Alternatively, I set the leak detection parameter on Hikari (config.setLeakDetectionThreshold(10000L)), and I get leak errors which are not due to the time taken to process DB queries.

1

There are 1 answers

0
fanf42 On

There is a good explanation in the Doobie documentation about the execution contexts and the expectations for each: https://tpolecat.github.io/doobie/docs/14-Managing-Connections.html#about-transactors

According to the docs, the "execution context for awaiting connection to the database" (connectEC in the question) should be bounded.

ZIO, by default, has only two thread pools:

  1. zio-default-async – Bounded,
  2. zio-default-blocking – Unbounded

So it is quite natural to believe that we should use zio-default-async since it is bounded.

Unfortunately, zio-default-async makes an assumption that its operations never, ever block. This is extremely important because it's the execution context used by the ZIO interpreter (its runtime) to run. If you block on it, you can actually block the evaluation progression of the ZIO program. This happens more often when there's only one core available.

The problem is that the execution context for awaiting DB connection is meant to block, waiting for free space in the Hikari connection pool. So we should not be using zio-default-async for this execution context.

The next question is: does it makes sense to create a new thread pool and corresponding execution context just for connectEC? There is nothing forbidding you to do so, but it is likely not necessary, for three reasons:

  • You want to avoid creating thread pools, especially since you likely have several already created from your web framework, DB connection pool, scheduler, etc. Each thread pool has its cost. Some examples are:

    • More to manage for the jvm JVM
    • Consumes more OS resources
    • Switching between threads, which that part is expensive in terms of performance
    • Makes your application runtime more complex to understand(complex thread dumps, etc)
  • ZIO thread pool ergonomics start to be well optimized for their usage

  • At the end of the day, you will have to manage your timeout somewhere, and the connection is not the part of the system which is the most likely to have enough information to know how long it should wait: different interactions (ie, in the outer parts of your app, nearer to use points) may require different timeout/retry logic.
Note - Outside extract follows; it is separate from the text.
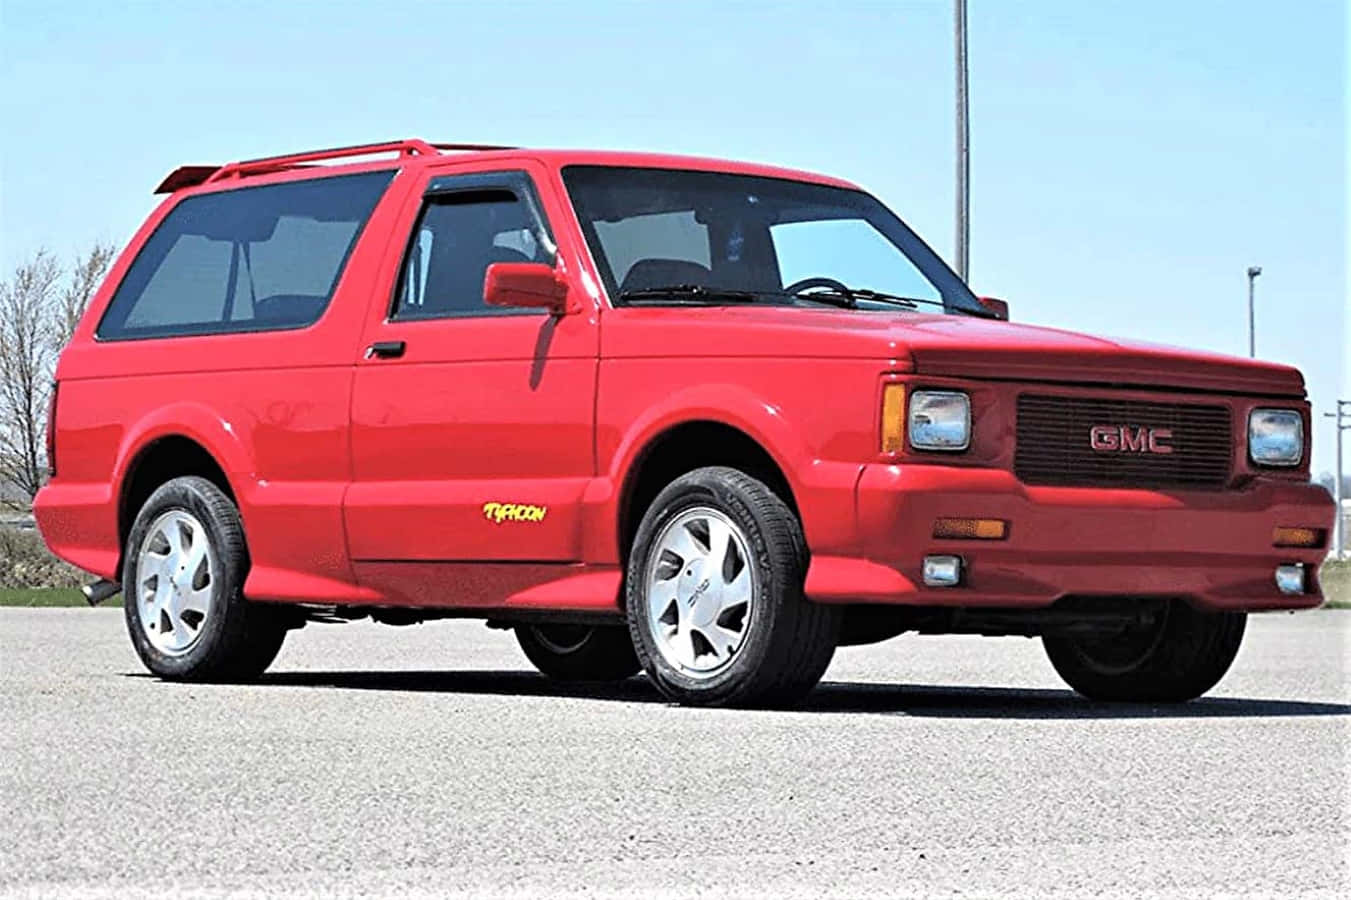 Immaculate GMC Typhoon showcasing its timeless design and powerful features Wallpaper

All that being said, we found a configuration that works very well in an application running in production:

// zio.interop.catz._ provides a `zioContextShift`

  val xa = (for {
    // our transaction EC: wait for aquire/release connections, must accept blocking operations
    te <- ZIO.access[Blocking](_.get.blockingExecutor.asEC)
  } yield {
    Transactor.fromDataSource[Task](datasource, te, Blocker.liftExecutionContext(te))
  }).provide(ZioRuntime.environment).runNow

  def transactTask[T](query: Transactor[Task] => Task[T]): Task[T] = {
    query(xa)
  }

I made a drawing of how Doobie and ZIO execution context map one other to each other: https://docs.google.com/drawings/d/1aJAkH6VFjX3ENu7gYUDK-qqOf9-AQI971EQ4sqhi2IY

UPDATE: I created a repos with 3 examples of that pattern usage (mixed app, pure app, ZLayer app) here: https://github.com/fanf/test-zio-doobie Any feedback is welcome.